Benton Christopher P, Redfern Annabelle S
School of Experimental Psychology, University of Bristol Bristol, UK.
Front Psychol. 2016 Dec 15;7:1950. doi: 10.3389/fpsyg.2016.01950. eCollection 2016.
Recent adaptation studies provide evidence for early visual areas playing a role in duration perception. One explanation for the pronounced duration compression commonly found with adaptation is that it reflects adaptation-driven stimulus-specific reduction in neural activity in early visual areas. If this level of stimulus-associated neural activity does drive duration, then we would expect a strong effect of contrast on perceived duration as electrophysiological studies shows neural activity in early visual areas to be strongly related to contrast. We employed a spatially isotropic noise stimulus where the luminance of each noise element was independently sinusoidally modulated at 4 Hz. Participants matched the perceived duration of a high (0.9) or low (0.1) contrast stimulus to a previously presented standard stimulus (600 ms, contrast = 0.3). To achieve perceptually equivalent durations, the low contrast stimulus had to be presented for longer than the high contrast stimulus. This occurred when we controlled for stimulus size and when we adjusted for individual differences in perceived temporal frequency. Further, we show that the effect cannot be explained by shifts in perceived onset and offset and is not explained by a simple contrast-driven response bias. The direction of our results is clearly consistent with the idea that level of neural activity drives duration. However, the magnitude of the effect (~10% duration difference over a 0.9-0.1 contrast reduction) is in marked contrast to the larger duration distortions that can be found with repetition suppression and the oddball effect; particularly when these may be associated with smaller differences in neural activity than that expected from our contrast difference. Taken together, these results indicate that level of stimulus-related neural activity in early visual areas is unlikely to provide a general mechanism for explaining differences in perceived duration.
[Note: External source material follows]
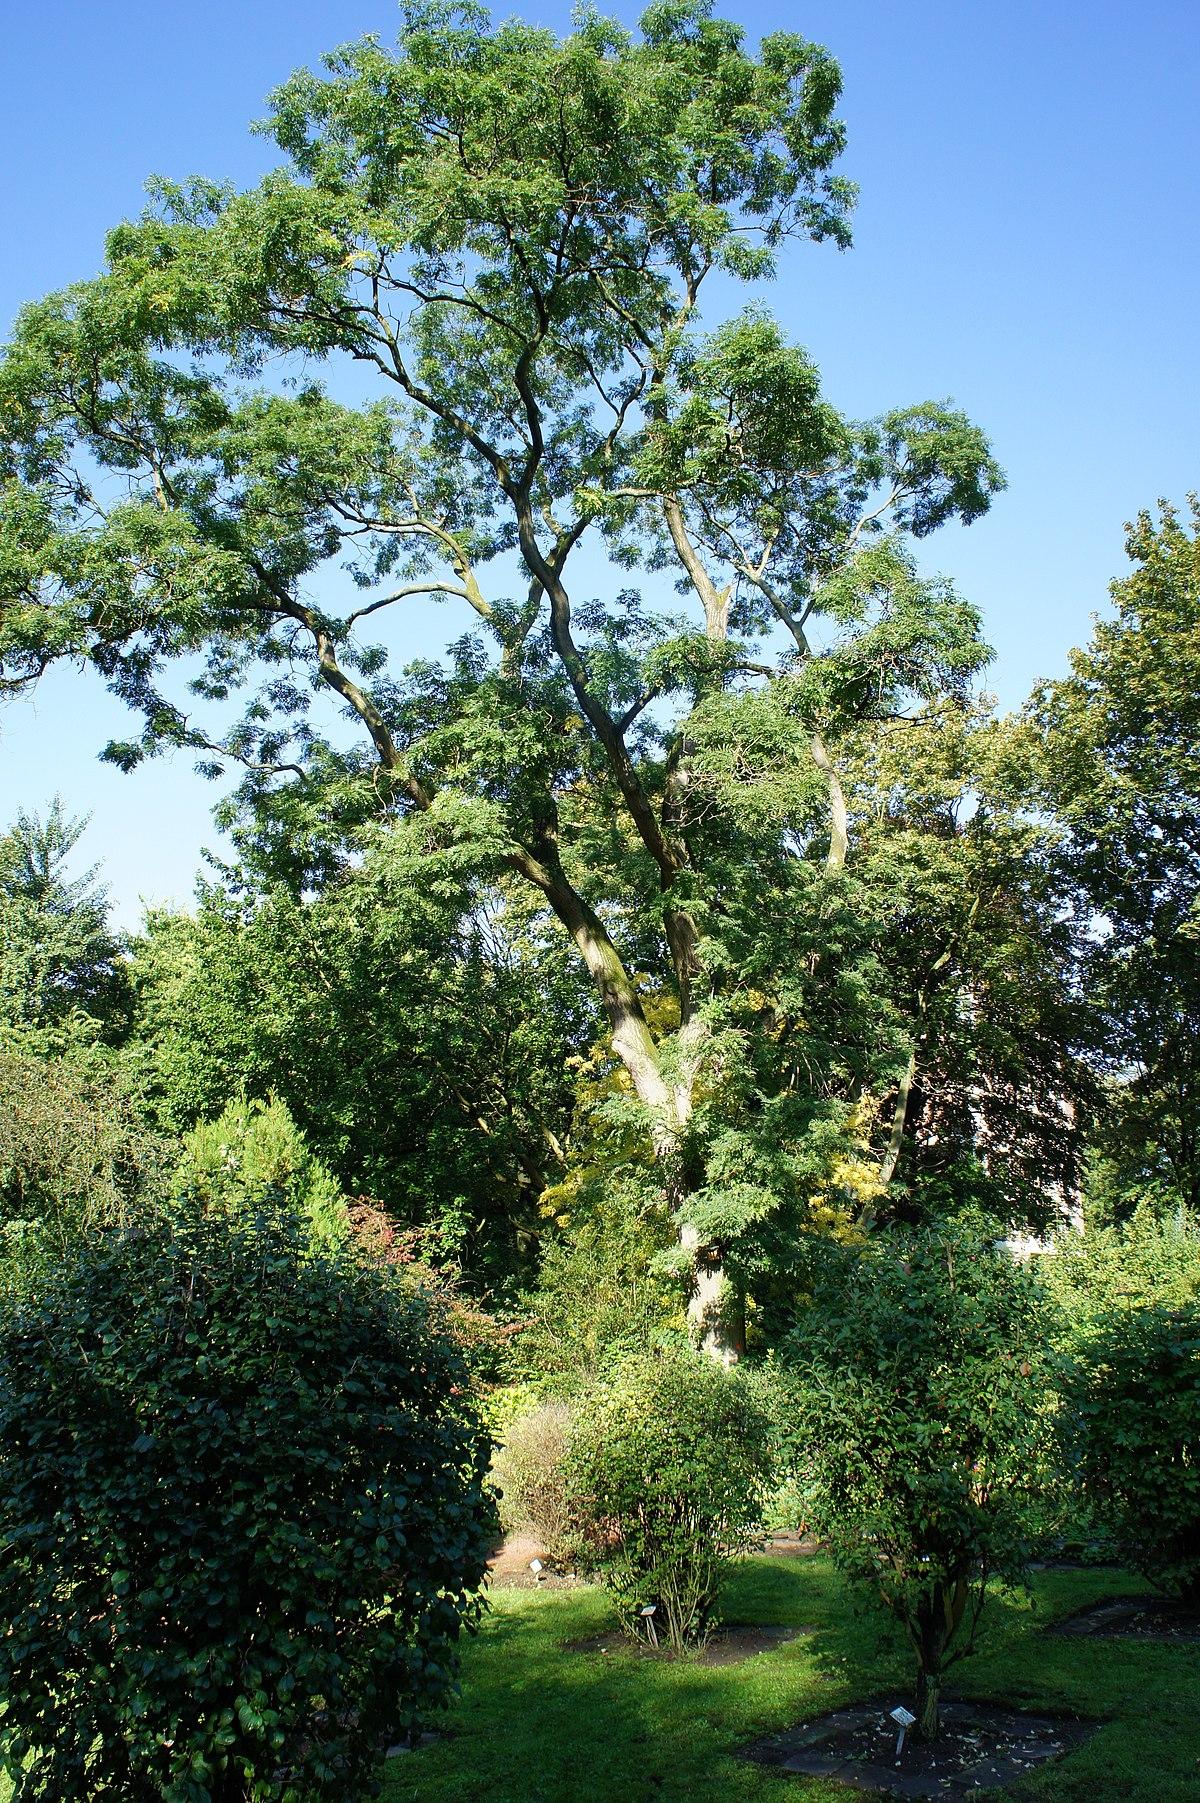 Botanischer Garten Italien Gardasee: Botanischer Garten Kaiserberg

近期的适应性研究为早期视觉区域在时长感知中发挥作用提供了证据。对于适应性过程中常见的显著时长压缩现象,一种解释是它反映了早期视觉区域中由适应性驱动的特定刺激的神经活动减少。如果这种与刺激相关的神经活动水平确实驱动了时长,那么我们预期对比度对感知时长会有强烈影响,因为电生理研究表明早期视觉区域的神经活动与对比度密切相关。我们采用了一种空间各向同性的噪声刺激,其中每个噪声元素的亮度以4赫兹独立地进行正弦调制。参与者将高对比度(0.9)或低对比度(0.1)刺激的感知时长与之前呈现的标准刺激(600毫秒,对比度 = 0.3)进行匹配。为了实现感知上等效的时长,低对比度刺激必须比高对比度刺激呈现更长的时间。当我们控制刺激大小时以及当我们针对个体在感知时间频率上的差异进行调整时,这种情况都会发生。此外,我们表明这种效应不能用感知起始和结束的偏移来解释,也不是由简单的对比度驱动的反应偏差所解释。我们结果的方向显然与神经活动水平驱动时长的观点一致。然而,这种效应的大小(在对比度从0.9降低到0.1的情况下,时长差异约为10%)与重复抑制和奇球效应中能发现的更大的时长扭曲形成了显著对比;特别是当这些可能与神经活动的较小差异相关,而这种差异比我们对比度差异所预期的要小。综合来看,这些结果表明早期视觉区域中与刺激相关的神经活动水平不太可能为解释感知时长差异提供一种通用机制。